Questo comporta, ovviamente, una precedente assemblea (che non viene pubblicata), nella quale l'amministratore comunica ai soci che vi è la perdita del patrimonio e che si rende necessario provvedere eventualmente con la rinuncia al finanziamento. I soci autorizzano in tale occasione l'amministratore a richiedere la rinuncia. 
Con lettera commerciale l'amministratore fa richiesta di rinuncia e, con altra lettera commerciale il socio finanziatore comunica la propria rinuncia (il tutto prima dell'assemblea di approvazione del bilancio) formando quindi quelle riserve di cui si da atto in sede di approvazione dell'assemblea.

----------


## c.t.

> Io, per evitare qualsiasi rischio di imposta di registro, avrei dato atto nell'assemblea di approvazione che la perdita sarebbe stata coperta da riserve esistenti.
> Questo comporta, ovviamente, una precedente assemblea (che non viene pubblicata), nella quale l'amministratore comunica ai soci che vi è la perdita del patrimonio e che si rende necessario provvedere eventualmente con la rinuncia al finanziamento. I soci autorizzano in tale occasione l'amministratore a richiedere la rinuncia. 
> Con lettera commerciale l'amministratore fa richiesta di rinuncia e, con altra lettera commerciale il socio finanziatore comunica la propria rinuncia (il tutto prima dell'assemblea di approvazione del bilancio) formando quindi quelle riserve di cui si da atto in sede di approvazione dell'assemblea.

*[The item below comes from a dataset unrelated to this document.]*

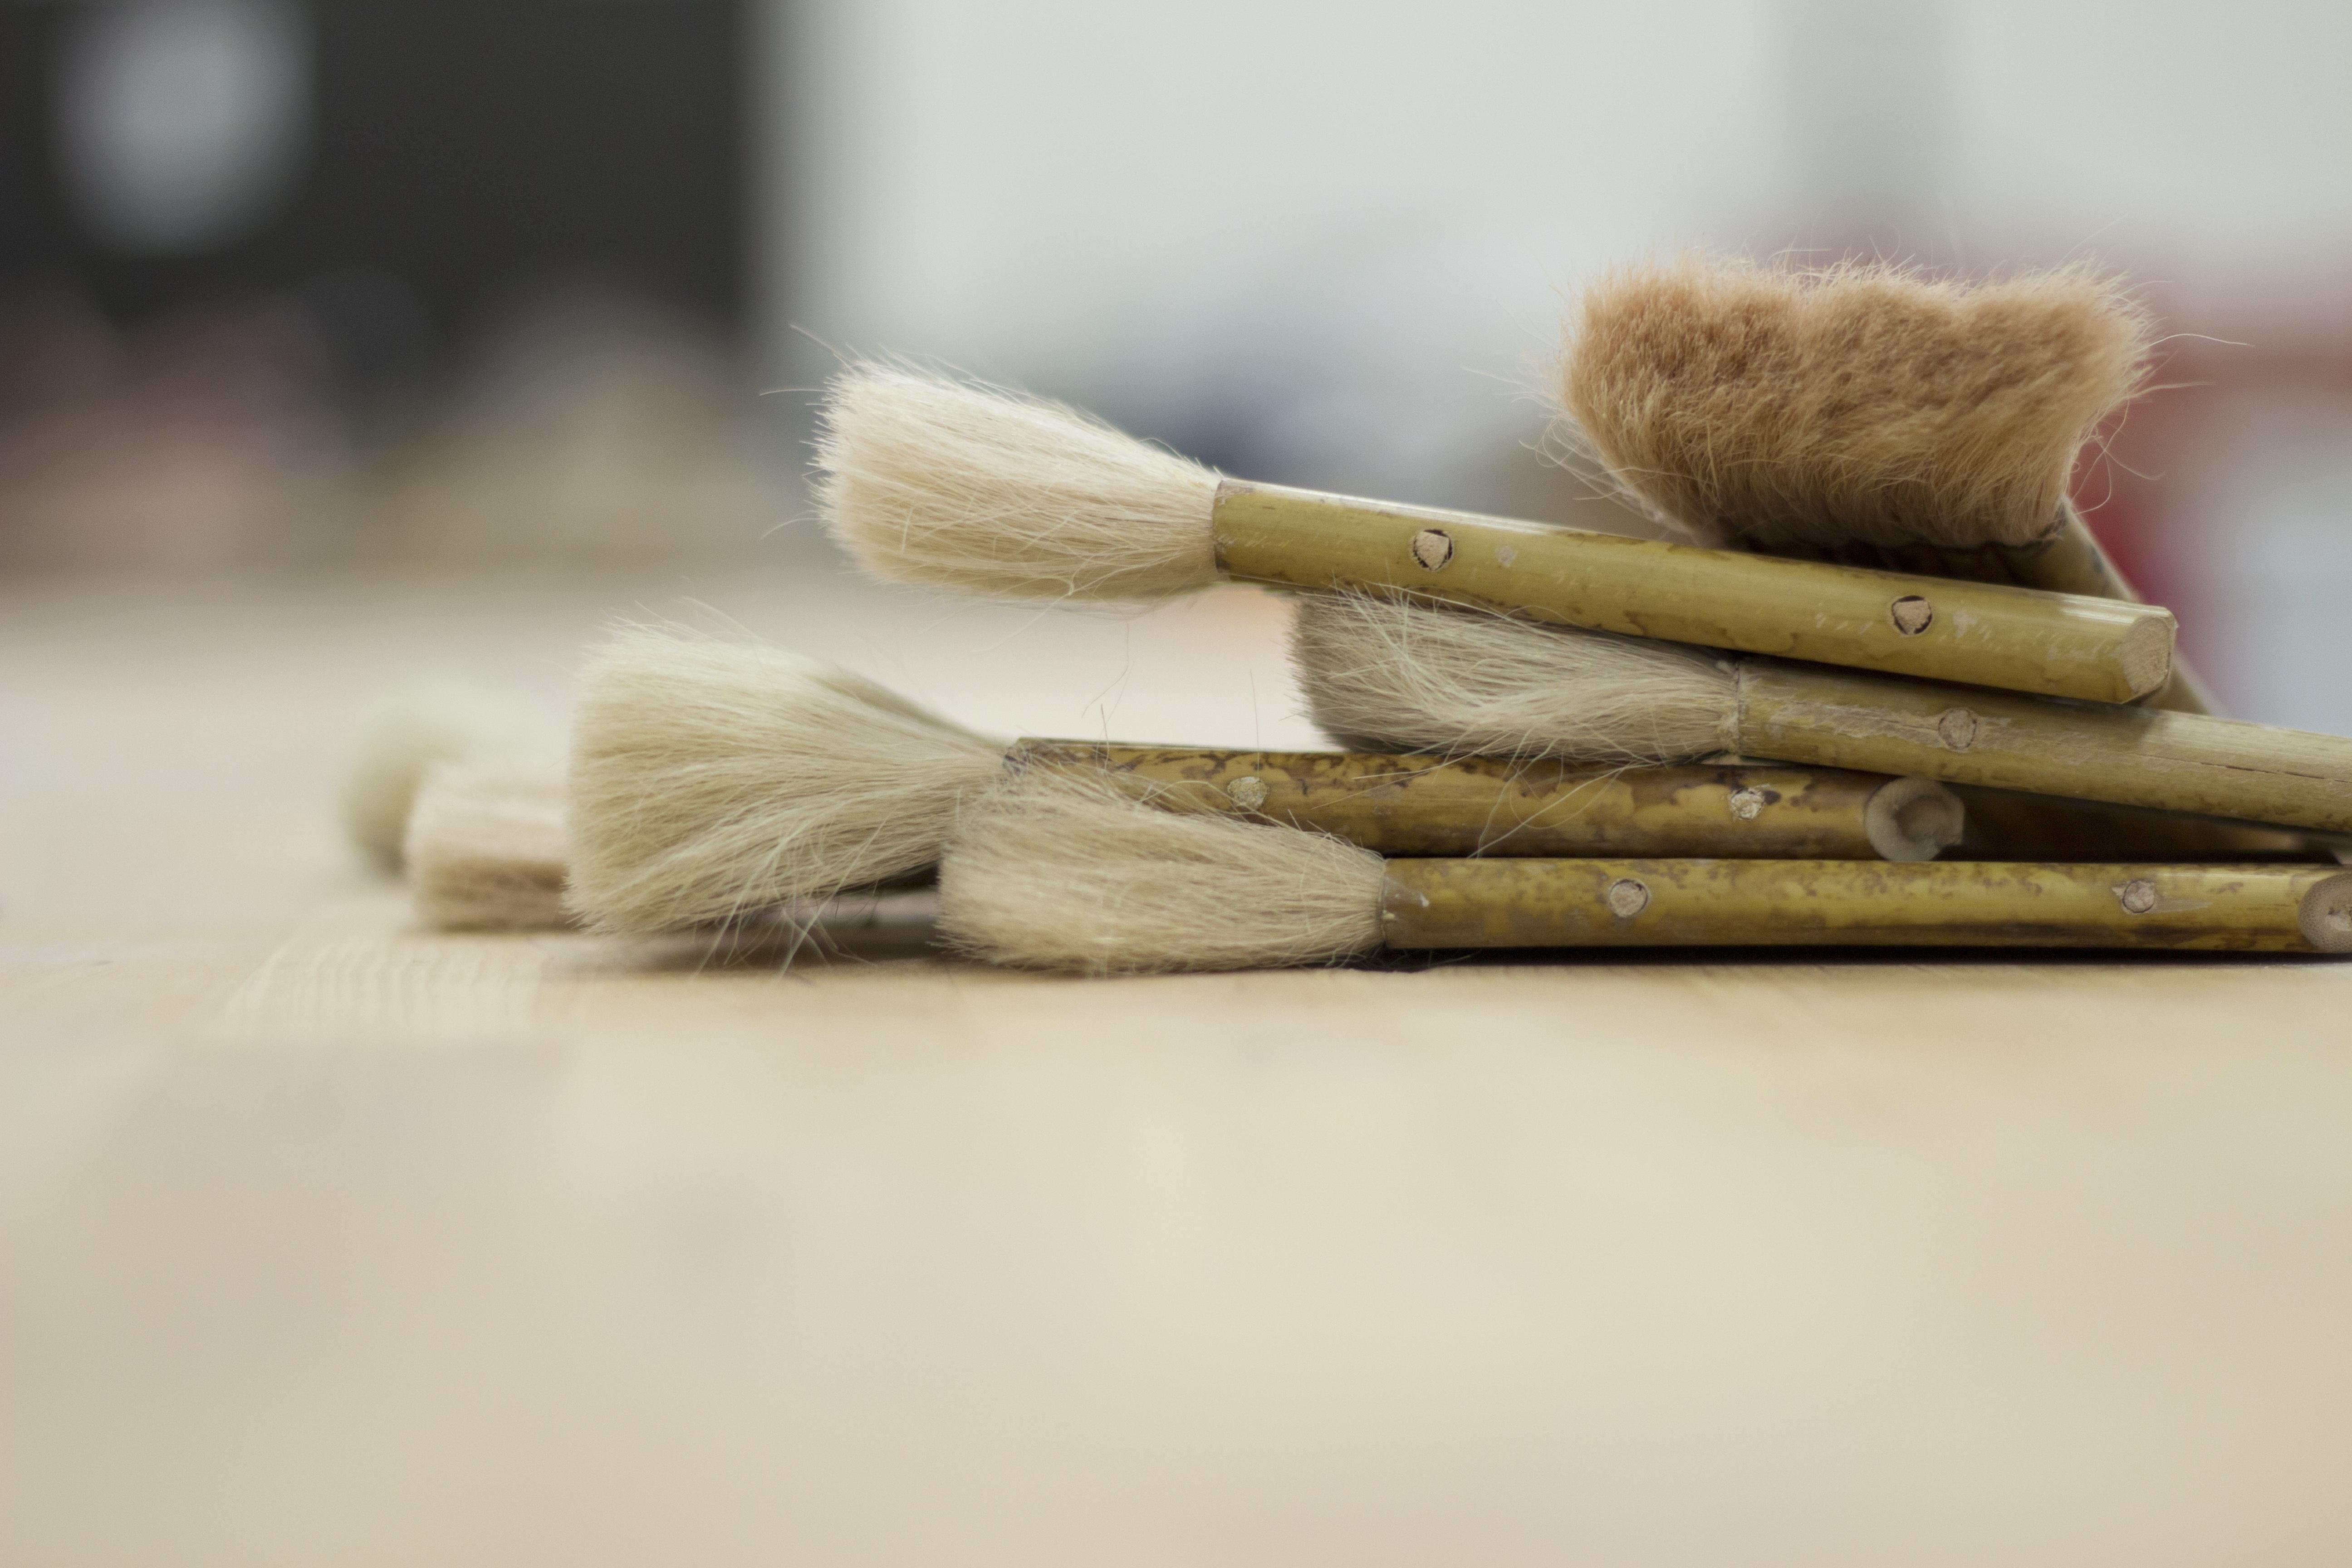 The Painter, Art, Artist, Brush, Paint, HQ Photo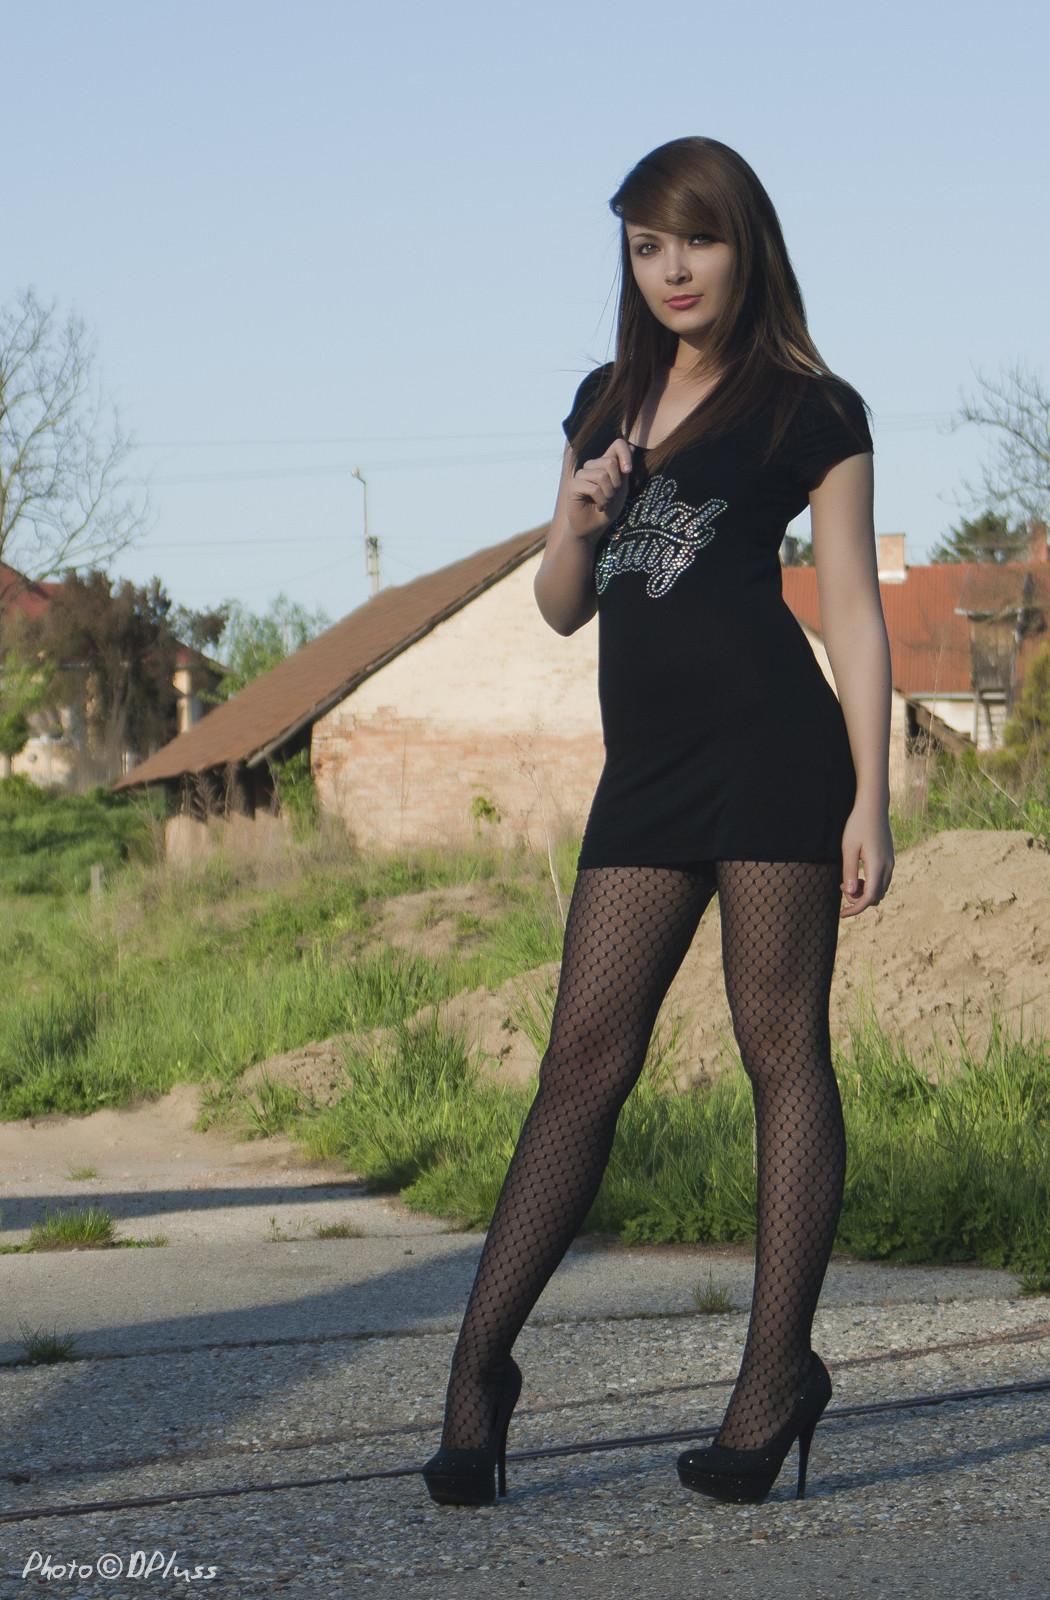 Free blackporn pics nsfw woman

  Ma allora potrebbe avere senso quello di rimandare/richiedere l'annullamento dell'invio o reinviare il bilancio e quindi il verbale (pagando mi sembra 30€) in CCIAA mandando un verbale in cui si comunica che si provvede alla copertura della perdita con riserva già costituita precedentemente?
la perdita però, annulla il cs, anche se viene ripianata ampiamente dalla riserva. 
cs=400
finanziam. = 2000 ---> riserva neo costituita = 2000
perdita= 1800 
che ne pensate?

----------


## Roberto72

Dai numeri che riporti non mi sembra così...
c.s. + 400
riserva neo costituita +2.000
totale p.n. ante risultato = 2.400
perdita di esercizio - 1.800
totale p.n. post risultato = 600 
dopo la compensazione della perdita con le riserve, rimane:
c.s. 400
riserva neo costituita 200

----------


## c.t.

> Dai numeri che riporti non mi sembra così...
> c.s. + 400
> riserva neo costituita +2.000
> totale p.n. ante risultato = 2.400
> perdita di esercizio - 1.800
> totale p.n. post risultato = 600 
> dopo la compensazione della perdita con le riserve, rimane:
> c.s. 400
> riserva neo costituita 200

  I numeri che ho messo sono indicativi,
i valori reali sono questi:
cs= 300
perdita 10000
finanziamenti 10100
quindi riserva dopo perdite=100
cs=300...
quindi.. 
finanziamenti che diventano riserva sono 10100 
ma il tutto con o senza notaio?

----------


## c.t.

> Io, per evitare qualsiasi rischio di imposta di registro, avrei dato atto nell'assemblea di approvazione che la perdita sarebbe stata coperta da riserve esistenti.
> Questo comporta, ovviamente, una precedente assemblea (che non viene pubblicata), nella quale l'amministratore comunica ai soci che vi è la perdita del patrimonio e che si rende necessario provvedere eventualmente con la rinuncia al finanziamento. I soci autorizzano in tale occasione l'amministratore a richiedere la rinuncia. 
> Con lettera commerciale l'amministratore fa richiesta di rinuncia e, con altra lettera commerciale il socio finanziatore comunica la propria rinuncia (il tutto prima dell'assemblea di approvazione del bilancio) formando quindi quelle riserve di cui si da atto in sede di approvazione dell'assemblea.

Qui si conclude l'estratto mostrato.